ゲットーの片隅から、闇の奥底から、遙か彼方の大地から、あの枯れ寂びた旋律がまた響いてきた。苦しみと哀しみ、そして慈しみで満たされたエイコンの歌を聴け!

自信が持てるようになった


「ニュー・アルバムのコンセプトは『Trouble』よりもさらに人々を混乱させること(笑)。〈あいつはラッパーだ〉とか〈いや、R&Bシンガーだ〉〈違う、レゲエだ〉とかいろいろな意見が飛び交ってただろ?
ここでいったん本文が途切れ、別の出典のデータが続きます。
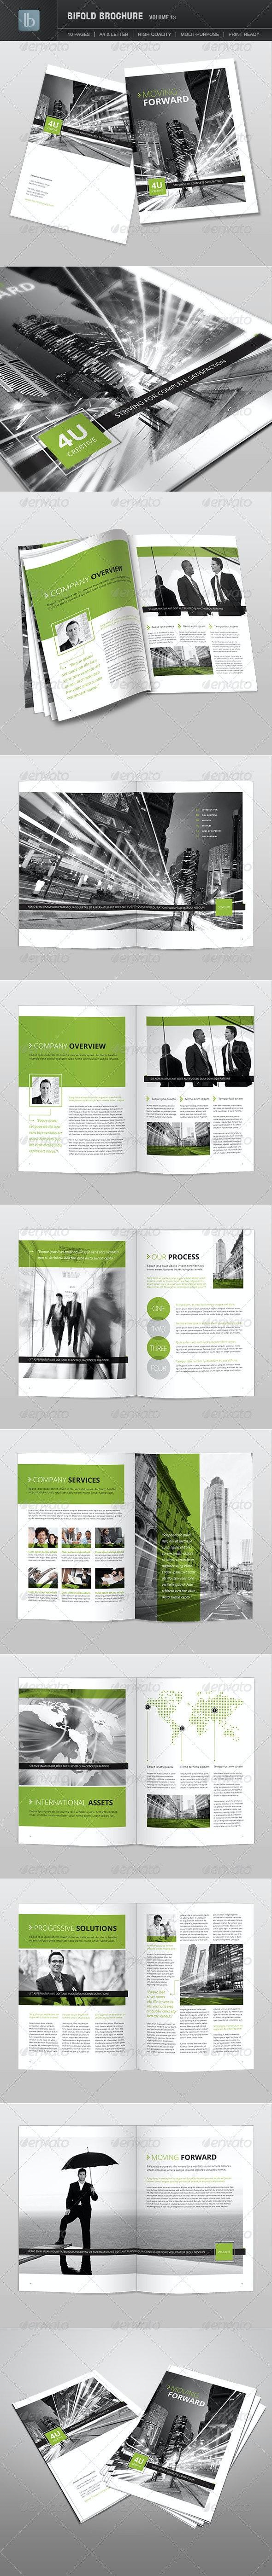 Bifold Brochure | Volume 13 - Brochures Print Templates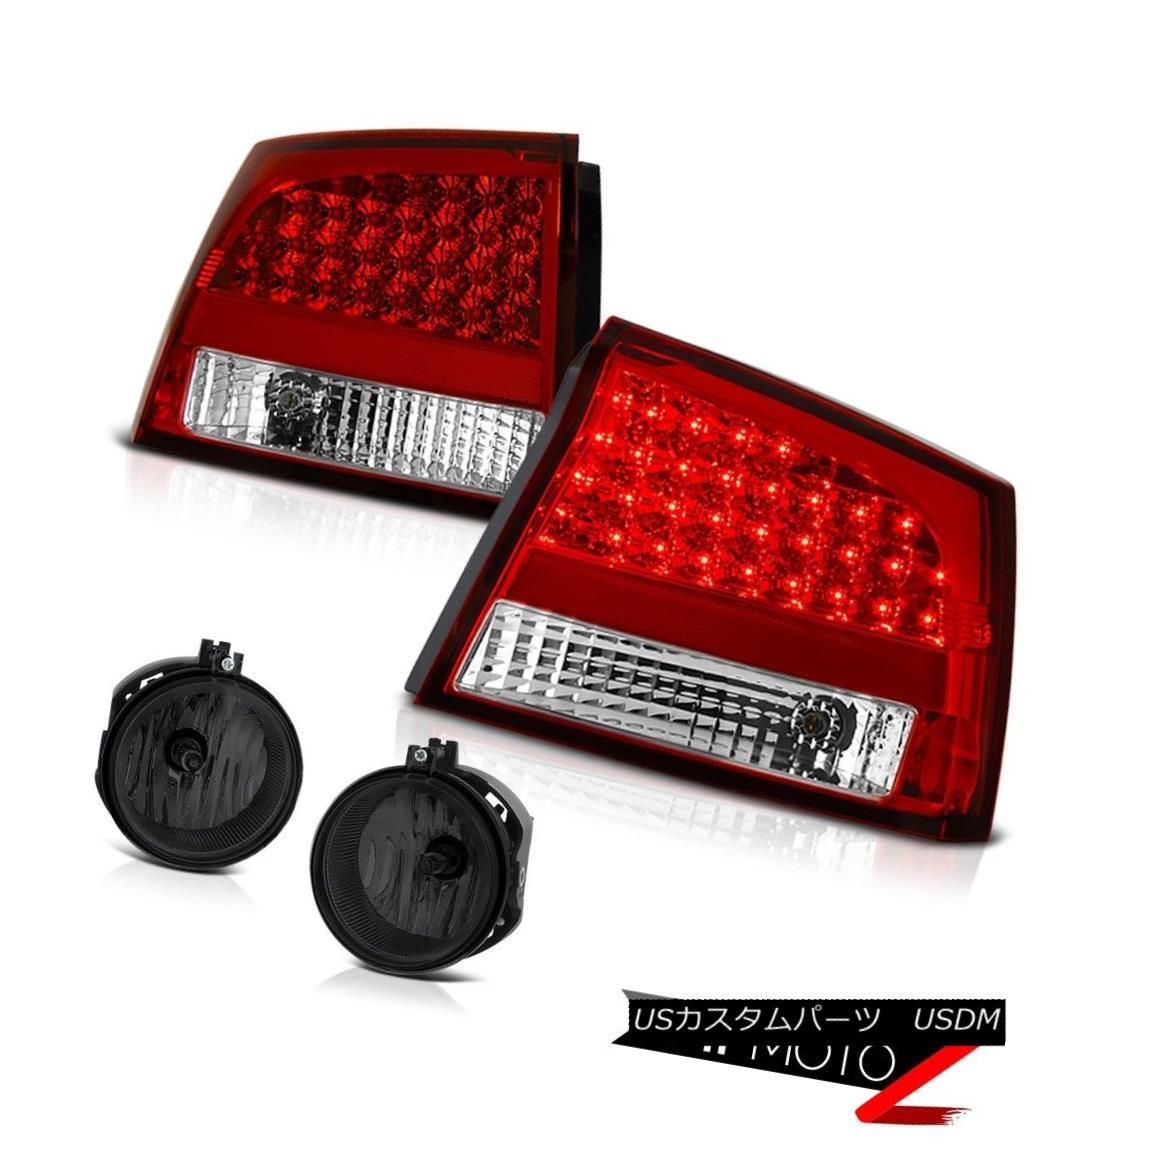 テールライト 2006 2007 2008 Dodge Charger Hemi LED Tail Lights Bumper Driving Smoke Foglights 2006年2007年2008年ダッジ充電器Hemi LEDテールライトバンパー駆動スモークフォグライト

 今回のアルバムではさらにみんなを煙に巻いてやるんだ(笑)」。

 この男のCDをR&Bのコーナーに収めるのには、どうも違和感を覚える。とはいえ、ヒップホップの棚に置くのにも抵抗を感じるし、もちろんレゲエの枠に入れてしまうのもちょっと違うような気がする。本人のコメントにもあるように、そのあまりにオリジナルなスタイルはどこか特定のジャンルに押し込むのをためらわせるぐらいだけれど、ただひとつ確かなのは、憂いと痛みを帯びた彼のヴォーカルはいま全米のラッパーたちからもっとも求められている声である、ということだ――全世界で約400万枚を売り上げたファースト・アルバム『Trouble』から2年半、エイコンが新作『Konvicted』を完成させた。

「『Trouble』が受け入れられたことで自信が持てるようになったし、もっとクリエイティヴになってもいいんだって思えるようになった。普通は前の作品より良いものが作れるか不安になったりするのかもしれないけど、俺に関しては全然平気だよ。すでにたくさんのファンがいることを実感したし、どう転んだって『Trouble』より良い作品になるっていう自信があったからね」。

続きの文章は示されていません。